Egypt: U.S. Authorities Seize 27 Antiquities From Metropolitan Arts Museum

Metropolitan Museum of Art (The Met)
9 September 2022

New York federal agents have seized 27 looted antiquities worth more than U.S.$13 million from New York's Metropolitan Museum of Art and they will now be returned to Italy and Egypt.

According to Smithsonian Magazine, a terra-cotta drinking cup from 490 B.C.E., a marble head of the Greek goddess Athena and painted linen fragments are among the artefacts that will be returned to their countries of origin - 21 to Italy; six to Egypt - in upcoming repatriation ceremonies.

The antiquities were collected from the museum under three separate search warrants over the last six months.

According to a report first published by the International Consortium of Investigative Journalists, the Manhattan district attorney's office had obtained nine search warrants since 2016, and six in 2022 alone, stating that The Met possessed nearly 30 illegally looted artefacts in its permanent collection.

According to the Manhattan district attorney's office, the terra-cotta drinking cup, called a kylix, is valued at U.S.$1.2 million. The Met purchased it in 1979 from a gallery run by Italy's Gianfranco Becchina, who began dealing with antiquities in the 1970s and was first investigated by the Italian government for illegal practices in 2001. In total, eight of the objects seized from the Met were acquired directly from Becchina.

The New York Times reported that "the confiscation also highlight heightened law enforcement efforts against the illegal sale of ancient relics, whose thefts are increasingly being traced to looting gangs and dealers from South Asia to the Mediterranean. The authorities have warned that many more objects with illicit origins remain in the hands of private collectors and museums.

In 2021, the MET returned three African art objects,  including a pair of 16th-century Benin brass plaques to Nigeria.

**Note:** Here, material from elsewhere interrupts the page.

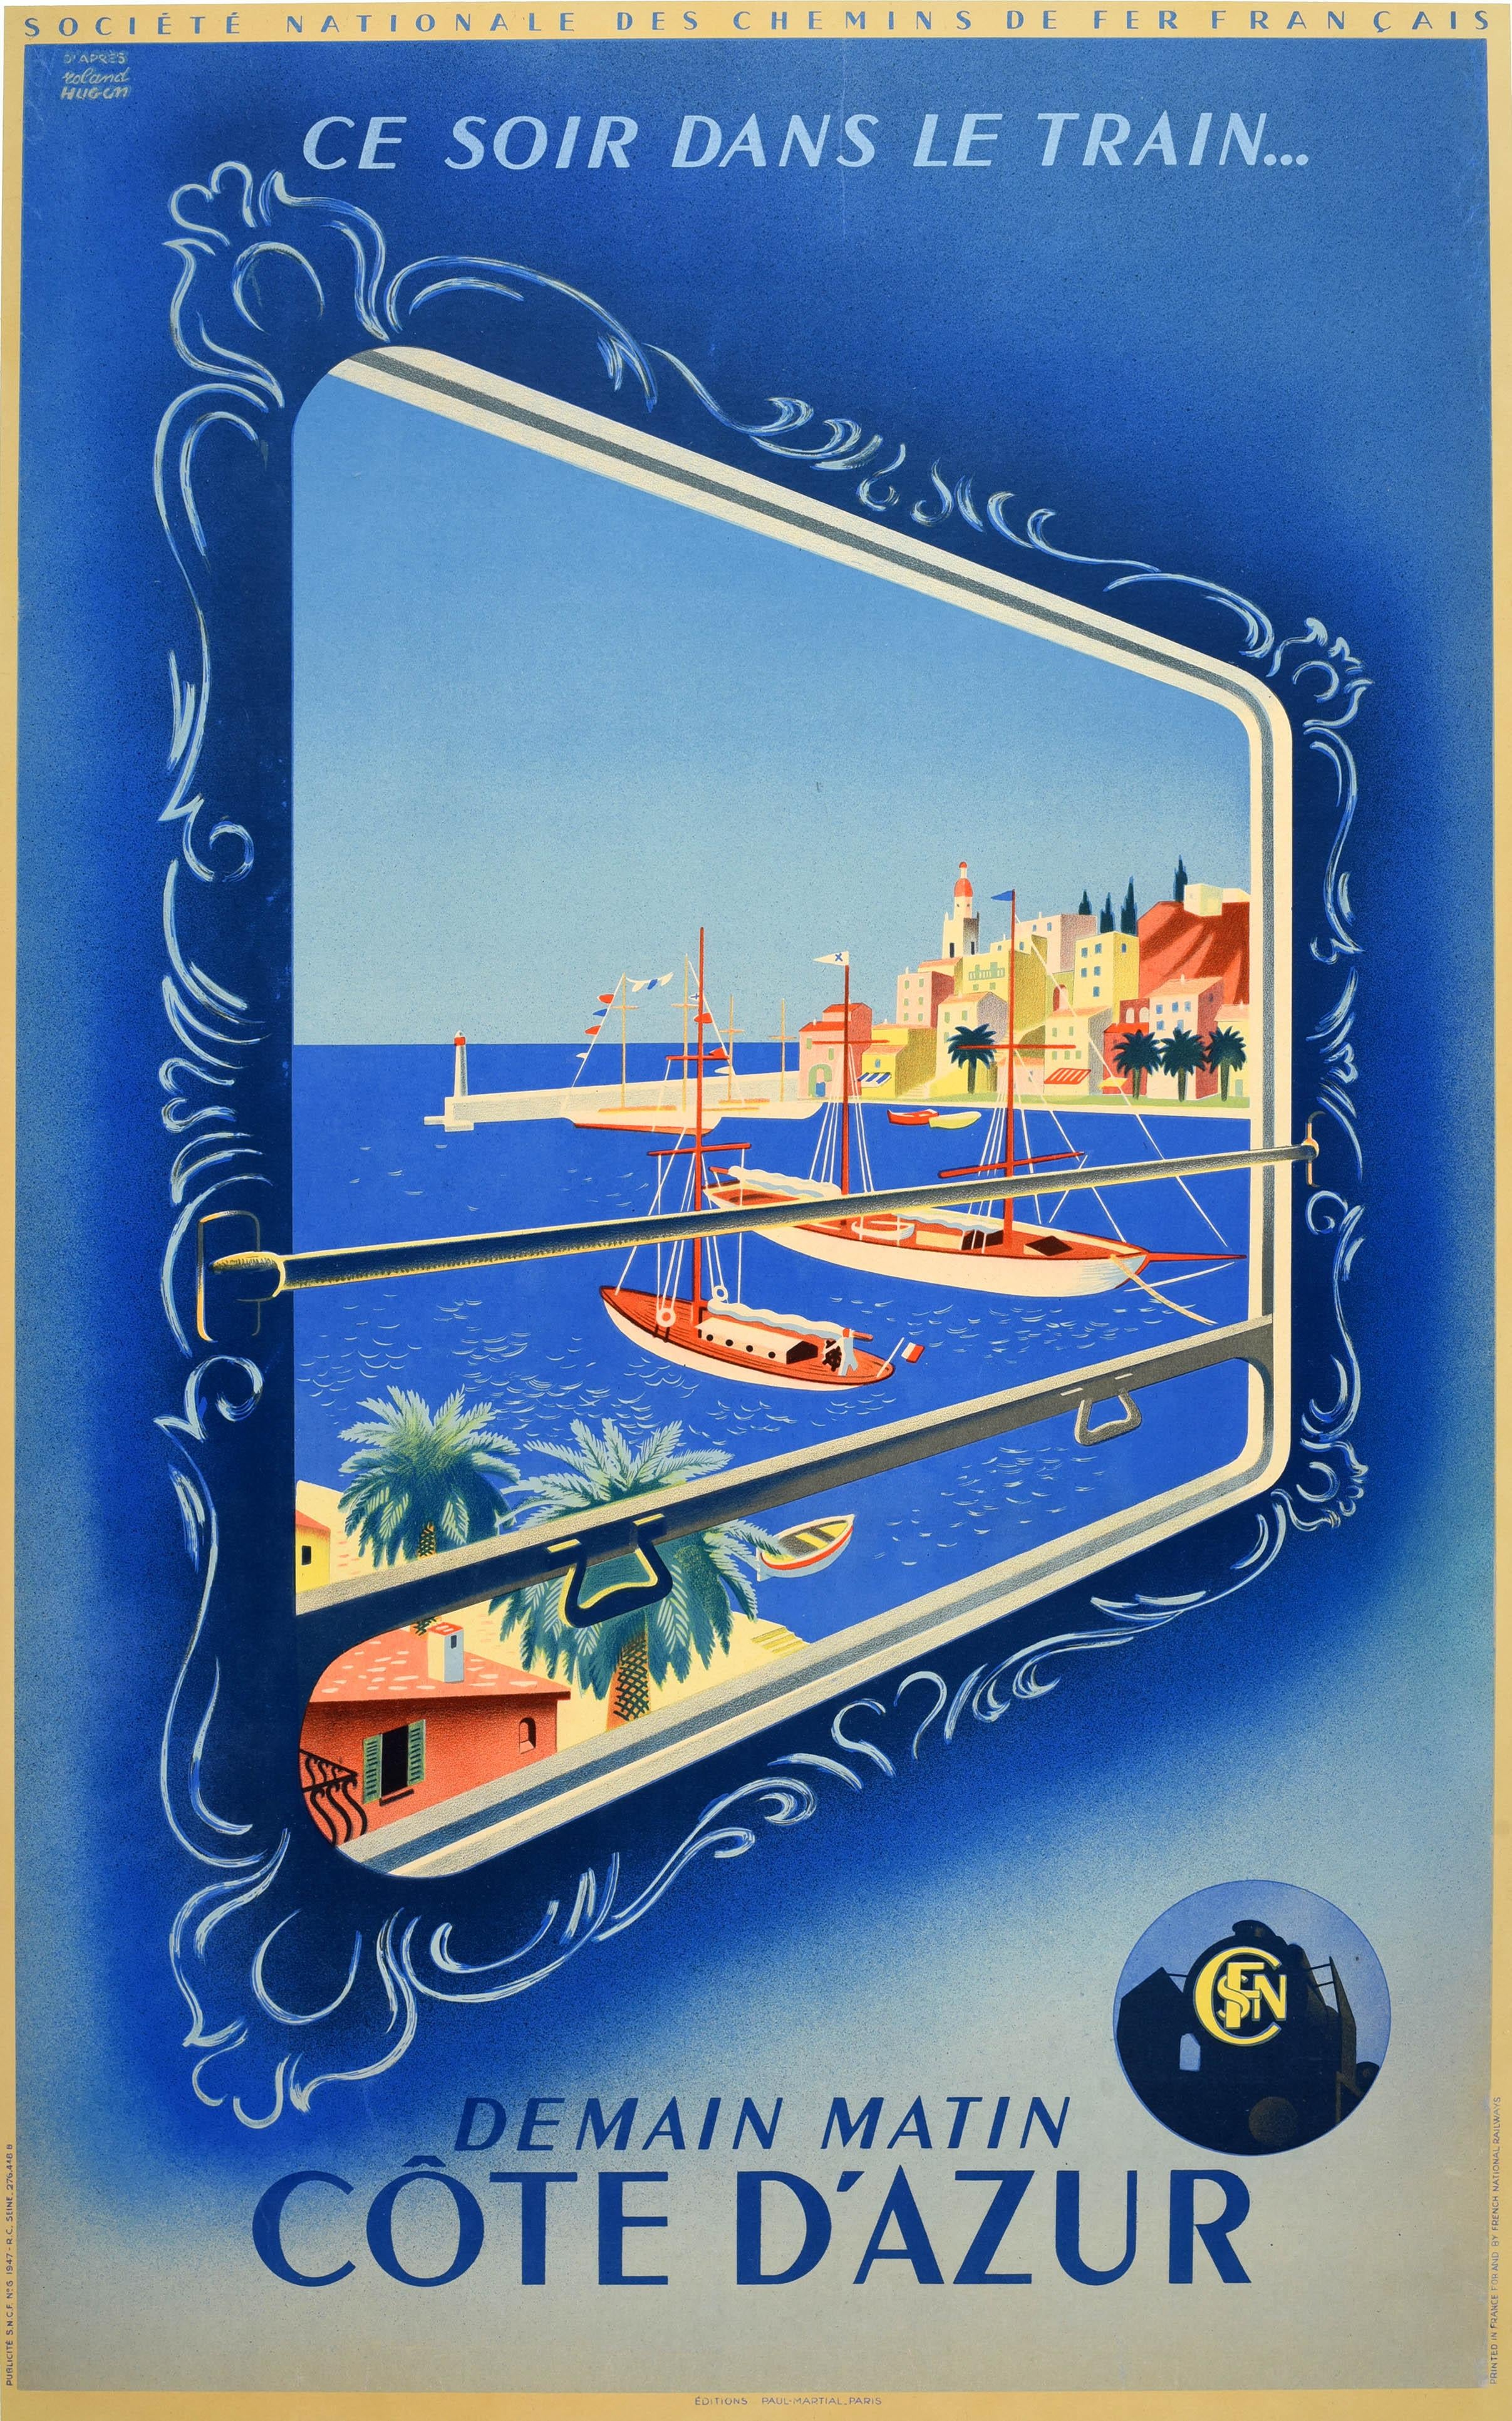 Roland Hugon Print - Original Vintage Railway Poster Ce Soir Dans Le Train Cote D'Azur French Riviera
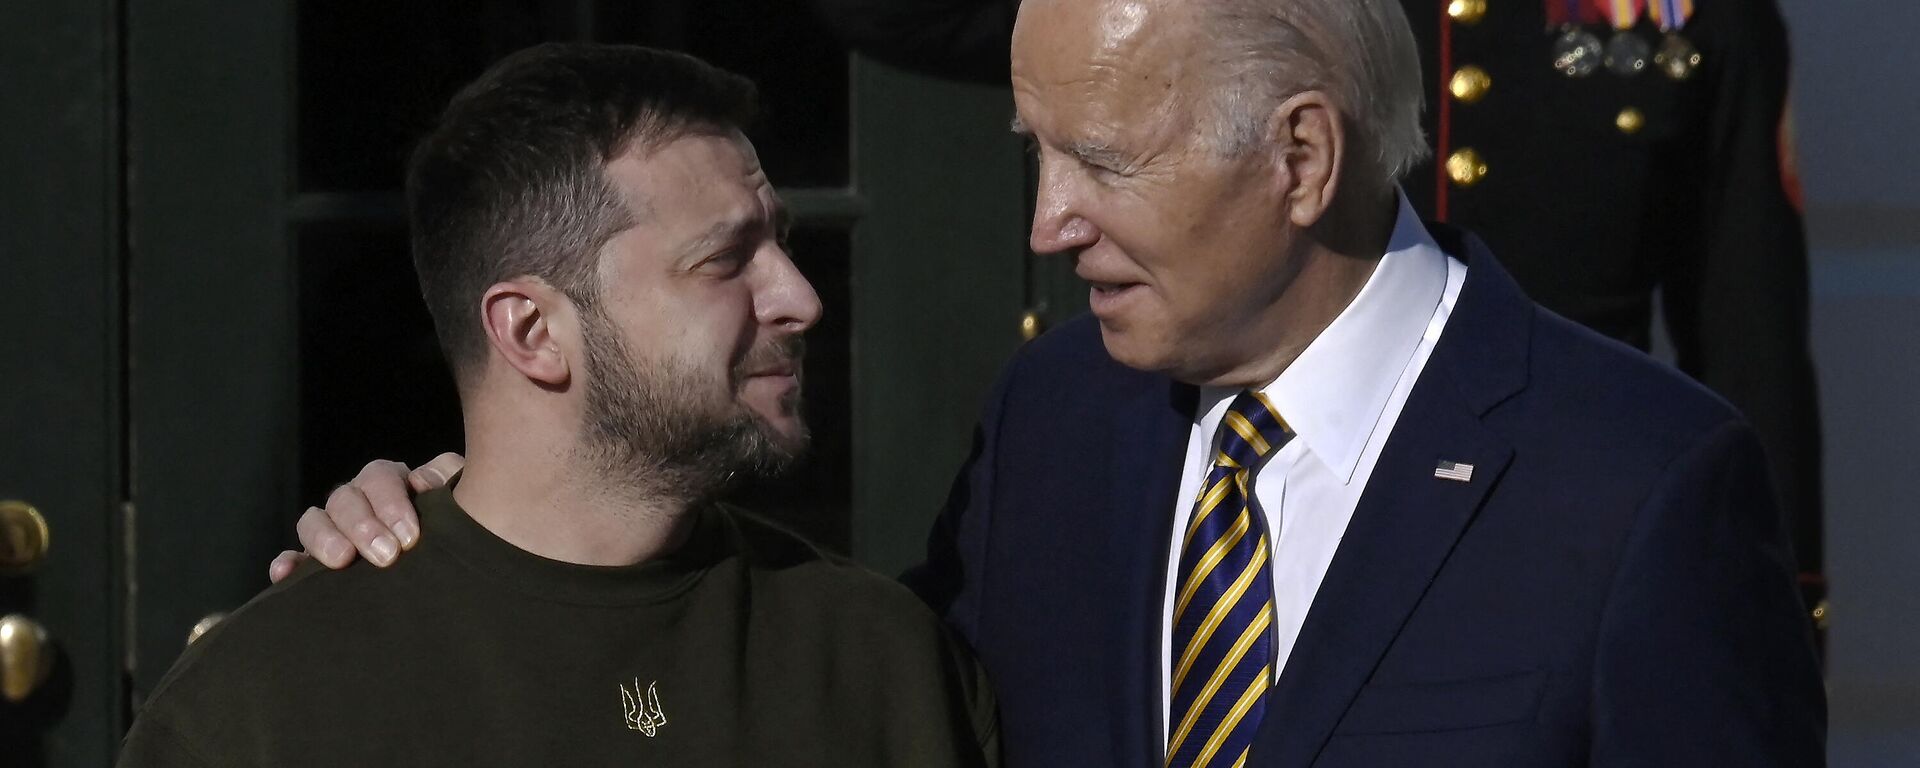 Tổng thống Hoa Kỳ Joe Biden chào đón Tổng thống Ukraina Vladimir Zelensky tại Bãi cỏ phía Nam Nhà Trắng ở Washington, ngày 21/12/2022 - Sputnik Việt Nam, 1920, 10.04.2023

The investigation is part of a larger repatriation effort happening around the world to return looted artefacts back to their country of origin. The return of artefacts that were looted in the colonial era has become an increasingly pressing issue for Western nations, with France and Germany taking the lead in the repatriation of Benin Bronzes. Thousands of treasures, sculptures, and other artworks - many of them dating from the 16th to the 18th centuries - were looted by British colonists who attacked and occupied Benin City at the end of the 19th century. Priceless artefacts taken from African nations during Germany's colonial period will be permanently returned. After a century of restitution claims, Germany is transferring ownership of 1,130 bronzes to Nigeria, a ground breaking step in the return of looted art.